### Dataset content
- - -

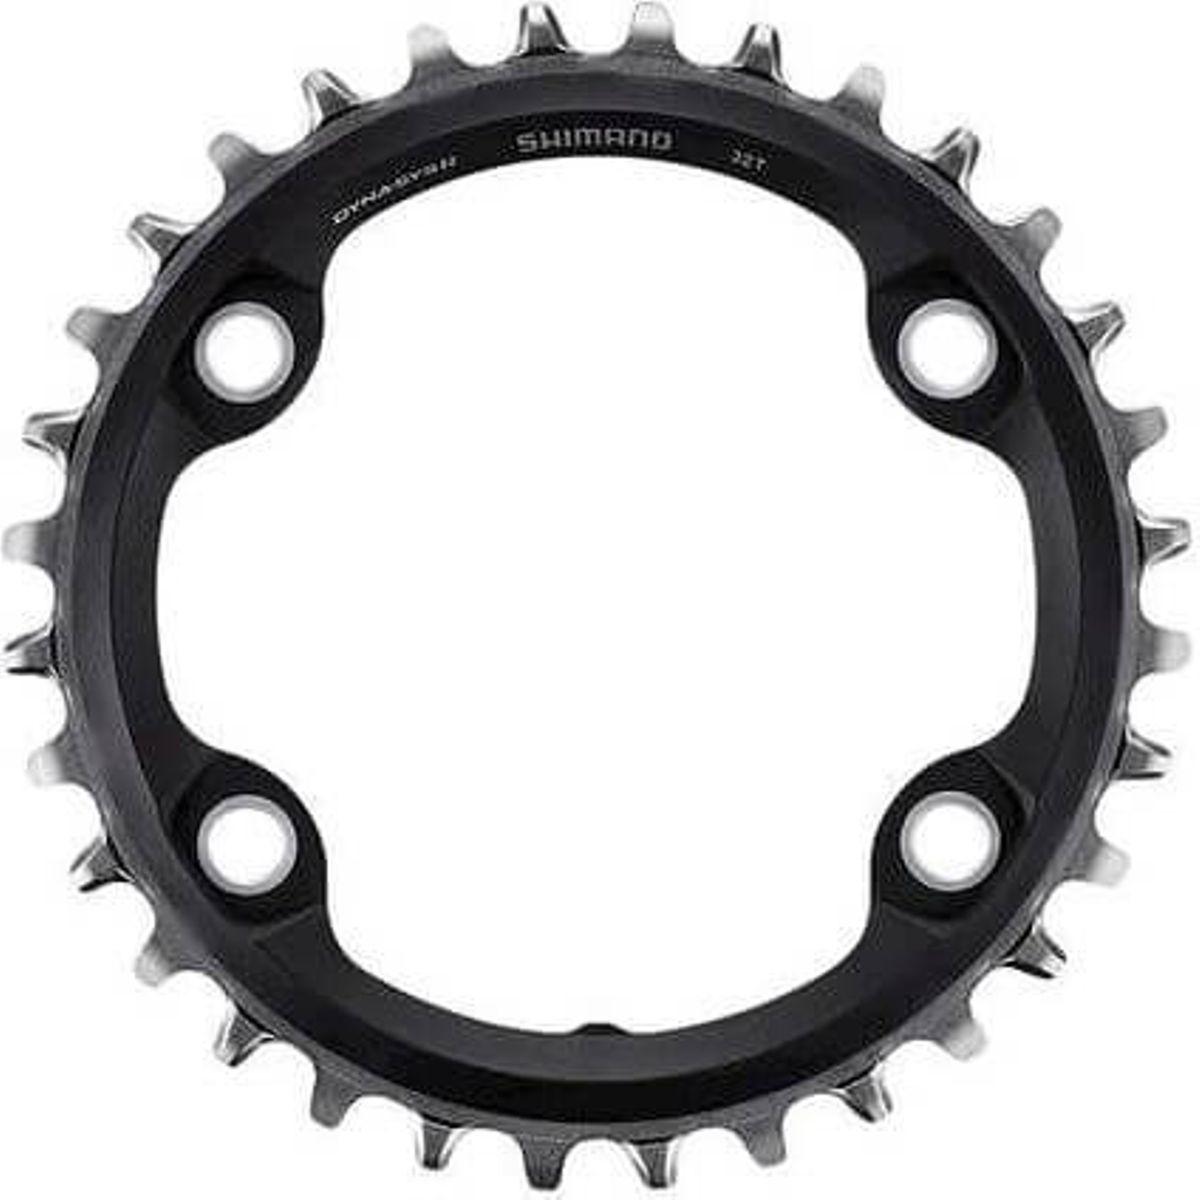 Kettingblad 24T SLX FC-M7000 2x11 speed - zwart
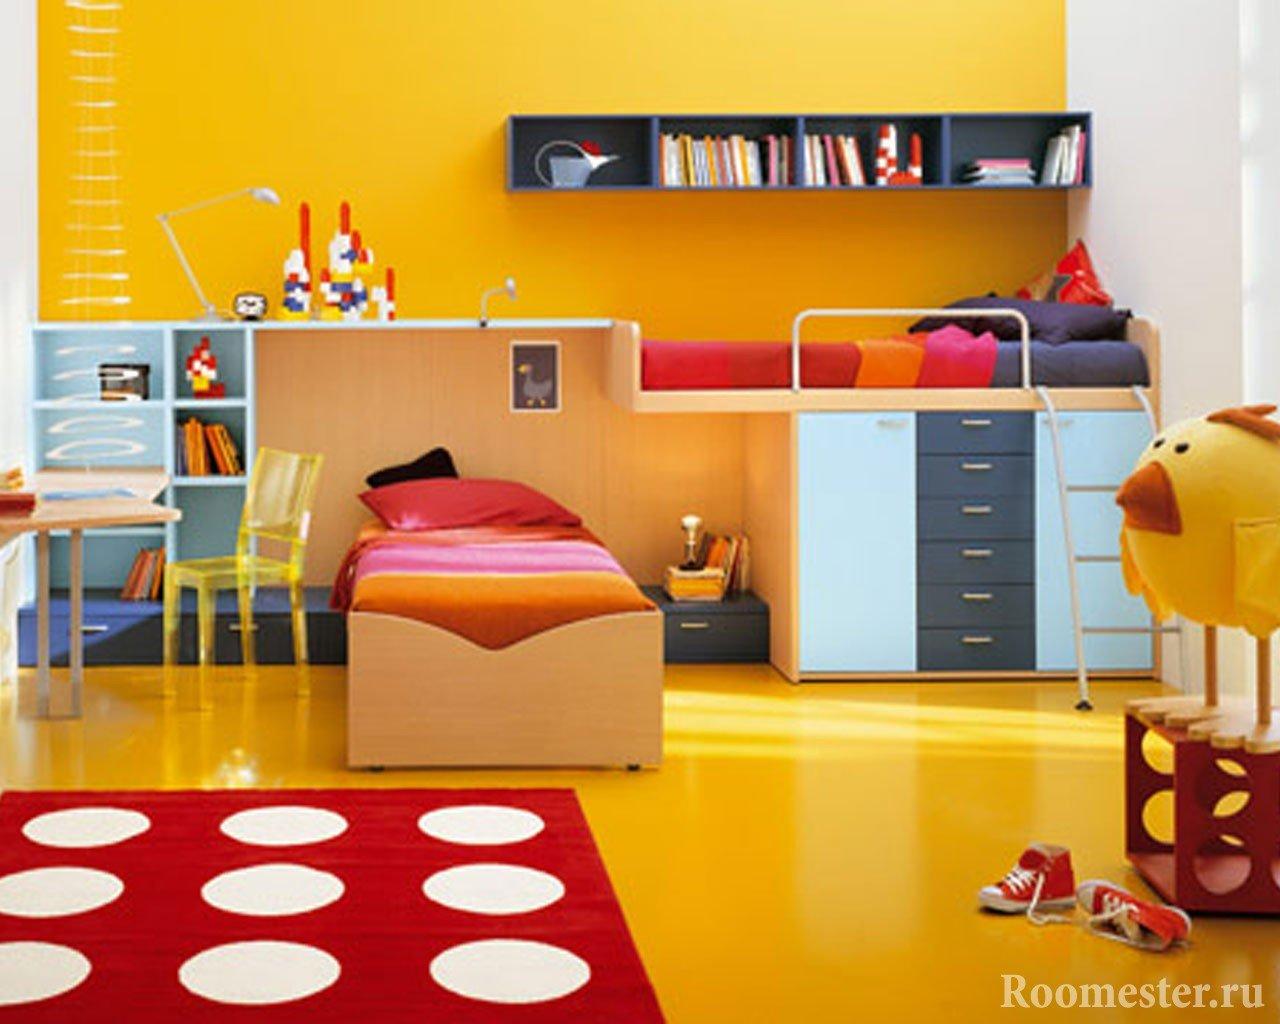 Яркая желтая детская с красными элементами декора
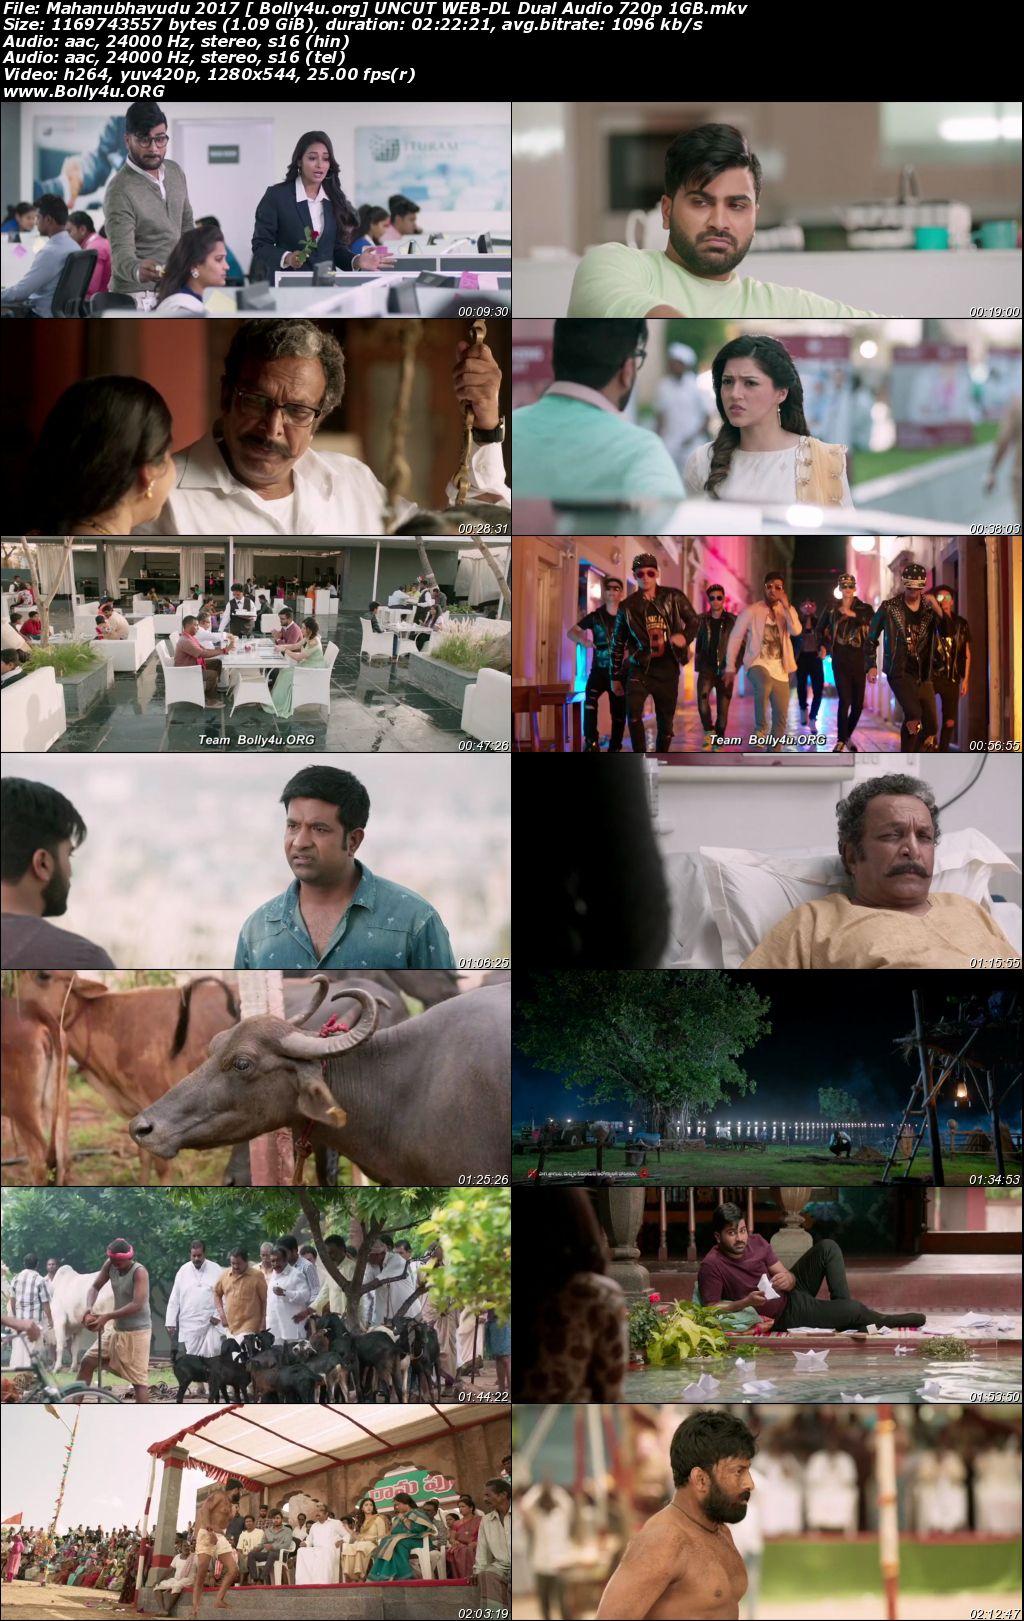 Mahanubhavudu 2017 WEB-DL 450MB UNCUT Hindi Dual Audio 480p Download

- - -

### Exercise instructions
Print the material word for word; images are to be left out.

### Expected answer
 Kettingblad 24T SLX FC-M7000 2x11 speed - zwart
 Яркая желтая детская с красными элементами декора
 Mahanubhavudu 2017 WEB-DL 450MB UNCUT Hindi Dual Audio 480p Download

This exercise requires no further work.